O Boletim Focus, divulgado também nesta segunda-feira pelo Banco Central, elevou a projeção para a inflação em 2026 para 4,31%. Apesar da alta, a expectativa ainda está dentro da meta de inflação estabelecida pelo governo (3%, com margem de 1,5 ponto percentual para cima ou para baixo). Já a estimativa para a taxa Selic se manteve em 12,50%.

Ainda que a inflação esteja sob controle (por enquanto), o rombo nas contas públicas pode gerar pressões inflacionárias no futuro, caso o governo não consiga equilibrar as finanças. Uma das formas de fazer isso é controlando os gastos públicos, o que nem sempre é fácil, já que muitas despesas são obrigatórias (como os salários dos servidores e os benefícios da Previdência).

Outra forma é aumentando a arrecadação de impostos. O governo tem estudado algumas medidas nesse sentido, mas qualquer aumento de impostos pode gerar resistência por parte da sociedade e do setor produtivo, que já se sentem sobrecarregados. É como um cobertor curto: se você cobre a cabeça, descobre os pés, e vice-versa.

E o STF com isso?

Embora não esteja diretamente ligado aos números divulgados hoje, o Supremo Tribunal Federal (STF) tem um papel importante na economia, especialmente em decisões que afetam a arrecadação de impostos e a segurança jurídica para os investidores. Decisões sobre temas como a cobrança de ICMS sobre a base de cálculo do PIS/Cofins e a validade de incentivos fiscais podem ter um impacto significativo nas contas públicas.

Eleição no Rio afeta Brasília?

A eleição suplementar para o governo do Rio de Janeiro, marcada para o ano que vem em decorrência da cassação do governador, pode ter reflexos indiretos em Brasília. Uma eventual mudança de governo no Rio pode alterar o equilíbrio de forças no Congresso Nacional, influenciando a tramitação de projetos importantes para a economia, como a reforma tributária e a regulamentação do mercado de carbono.
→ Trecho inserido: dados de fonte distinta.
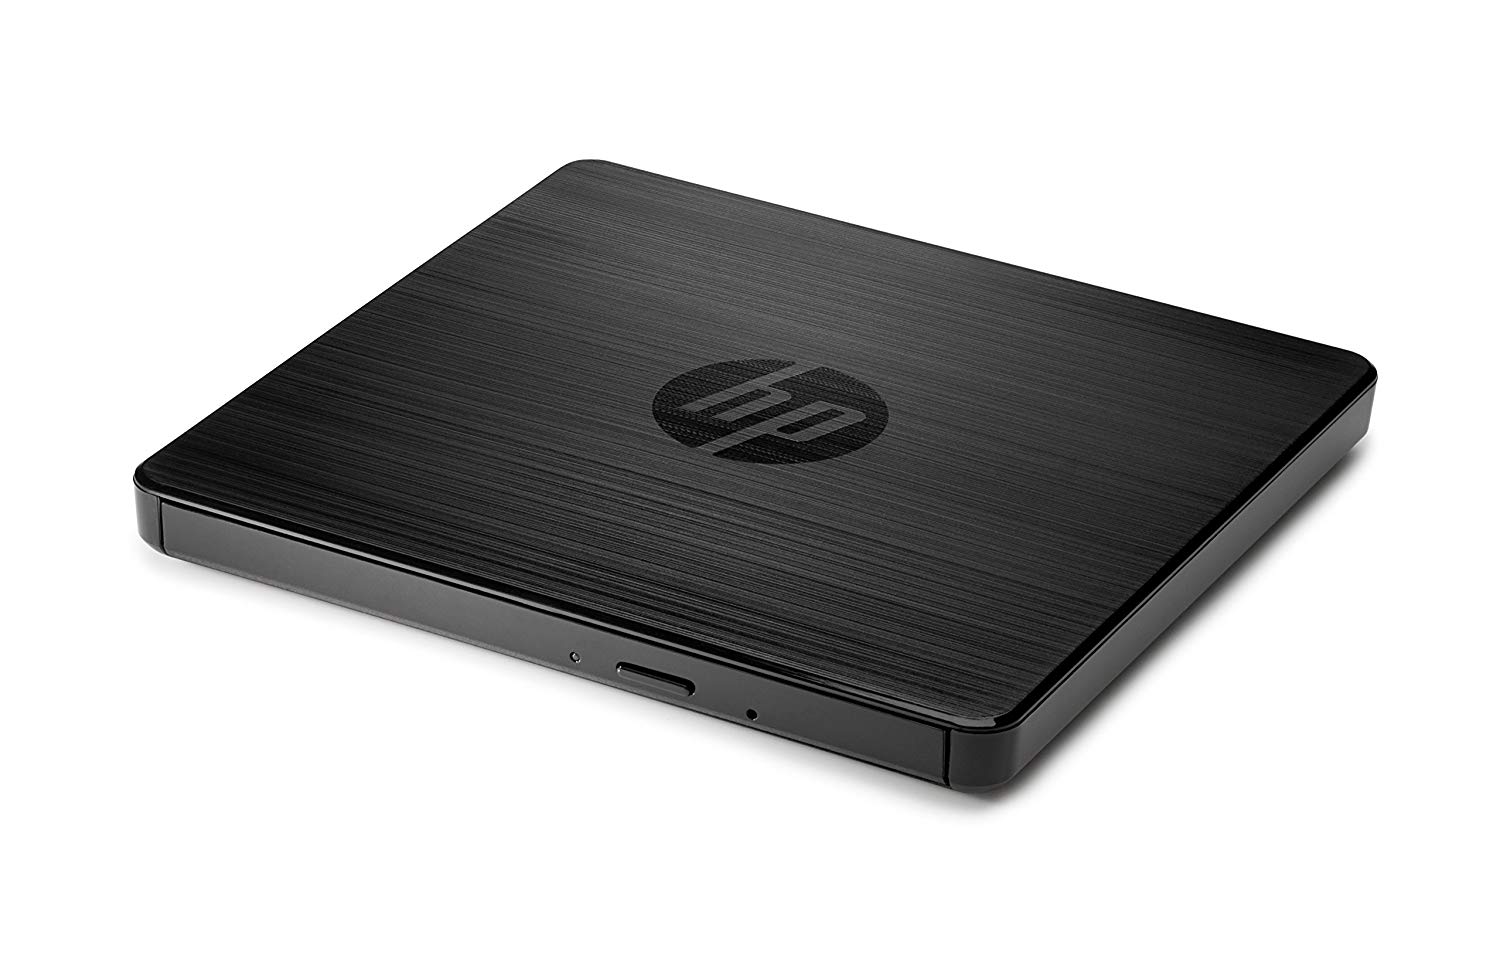 Options/Hewlett-packard: HP, USB, EXTERNAL, DVDRW, DRIVE, 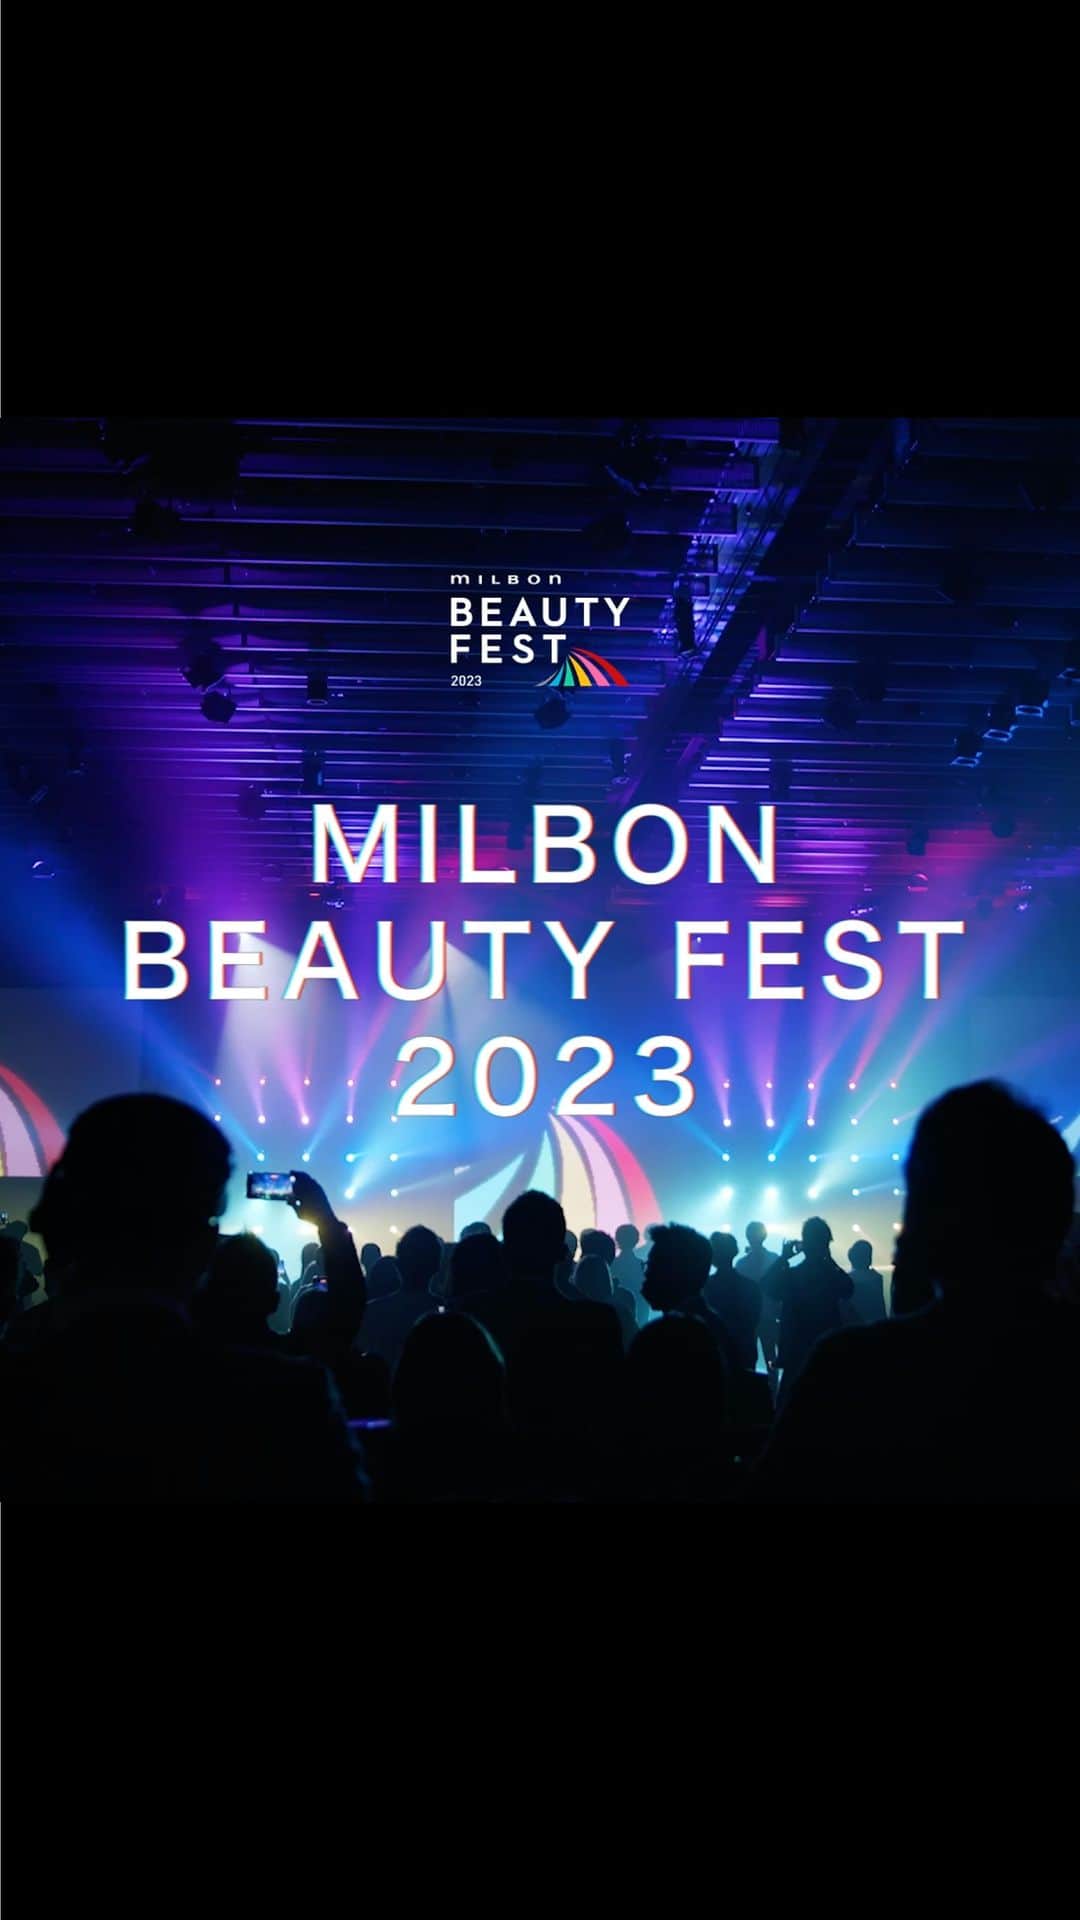 ミルボン Milbon for designer japanのインスタグラム：「⁡ ⁡ MILBON BEAUTY FEST 2023 Vimeoでライブ配信します！   様々なキャリア・分野のプロフェッショナルによる成果発表を通じて、目指す美容師像を見つける『美容の祭典』 ミルボン ビューティフェス。   4つのDA、KAのエリアステージを勝ち抜いたファイナリストによる決勝および表彰式、ビューティソムリエ認定者の取り組み成果発表をライブ配信。   ■配信日時 11/14(火) ⁡ 11:50　ライブ配信スタート 12:00　OPENING 12:15　DA-NEXT- 競技スタート 12:25　DA-PRO- 競技スタート 14:10　KA ファイナルステージ スタート 15:30　各イベントの表彰式スタート ※タイムスケジュールは予定ですので、変更になる場合がございます。     #milbon#ミルボン#milbonbeautyfest#ミルボンビューティフェス#コンテスト#フォトコンテスト#美容師#ファイナルステージ#milbonda#da#daad#dafit#danext#dapro#ka#美容知識王決定戦#ビュティソムリエ」

Mandato-tampão e Judiciário

O mandato-tampão do novo governador do Rio de Janeiro, que durará apenas dois anos, pode gerar uma maior instabilidade política e econômica no estado, com reflexos em todo o país. Além disso, a atuação do Judiciário, tanto no processo de cassação do governador quanto em outras questões relevantes para a economia, tem sido alvo de debates e críticas, o que pode gerar incertezas para os investidores.

Em resumo, o cenário econômico brasileiro é complexo e desafiador. O governo precisa equilibrar as contas públicas, controlar a inflação e garantir o crescimento da economia. O cidadão, por sua vez, precisa estar atento aos seus gastos, evitar o endividamento excessivo e buscar alternativas para proteger o seu bolso. E todos nós precisamos acompanhar de perto as decisões políticas e econômicas que afetam o nosso dia a dia.